Collection entries
========

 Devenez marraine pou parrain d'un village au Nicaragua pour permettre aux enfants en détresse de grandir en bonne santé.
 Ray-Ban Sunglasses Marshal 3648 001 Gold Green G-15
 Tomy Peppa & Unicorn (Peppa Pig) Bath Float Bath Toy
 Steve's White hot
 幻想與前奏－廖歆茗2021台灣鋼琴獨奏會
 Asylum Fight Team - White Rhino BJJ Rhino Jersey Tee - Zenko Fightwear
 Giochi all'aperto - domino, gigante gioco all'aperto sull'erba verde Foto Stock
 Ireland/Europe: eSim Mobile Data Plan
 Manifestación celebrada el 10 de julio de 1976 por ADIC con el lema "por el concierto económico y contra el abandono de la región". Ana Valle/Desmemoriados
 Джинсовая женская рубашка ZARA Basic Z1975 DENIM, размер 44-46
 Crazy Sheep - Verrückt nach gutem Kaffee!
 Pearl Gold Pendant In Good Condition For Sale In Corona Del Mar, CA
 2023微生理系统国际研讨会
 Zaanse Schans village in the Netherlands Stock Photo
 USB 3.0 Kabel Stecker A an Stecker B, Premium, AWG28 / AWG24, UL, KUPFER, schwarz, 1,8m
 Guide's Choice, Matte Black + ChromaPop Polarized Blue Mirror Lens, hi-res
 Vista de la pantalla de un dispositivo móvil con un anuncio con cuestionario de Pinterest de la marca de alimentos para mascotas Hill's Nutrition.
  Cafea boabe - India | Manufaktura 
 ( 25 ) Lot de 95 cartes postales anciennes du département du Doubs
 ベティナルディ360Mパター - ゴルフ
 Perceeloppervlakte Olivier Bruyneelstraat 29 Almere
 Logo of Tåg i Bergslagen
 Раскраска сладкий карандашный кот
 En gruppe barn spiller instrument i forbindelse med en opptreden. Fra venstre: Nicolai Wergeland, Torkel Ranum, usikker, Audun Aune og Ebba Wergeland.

========

**Your objective:**
Your answer should consist of the lines from the line with "Zaanse Schans village" through the last line of the data, set down exactly, both included.

**Reply to the task:**
 Zaanse Schans village in the Netherlands Stock Photo
 USB 3.0 Kabel Stecker A an Stecker B, Premium, AWG28 / AWG24, UL, KUPFER, schwarz, 1,8m
 Guide's Choice, Matte Black + ChromaPop Polarized Blue Mirror Lens, hi-res
 Vista de la pantalla de un dispositivo móvil con un anuncio con cuestionario de Pinterest de la marca de alimentos para mascotas Hill's Nutrition.
  Cafea boabe - India | Manufaktura 
 ( 25 ) Lot de 95 cartes postales anciennes du département du Doubs
 ベティナルディ360Mパター - ゴルフ
 Perceeloppervlakte Olivier Bruyneelstraat 29 Almere
 Logo of Tåg i Bergslagen
 Раскраска сладкий карандашный кот
 En gruppe barn spiller instrument i forbindelse med en opptreden. Fra venstre: Nicolai Wergeland, Torkel Ranum, usikker, Audun Aune og Ebba Wergeland.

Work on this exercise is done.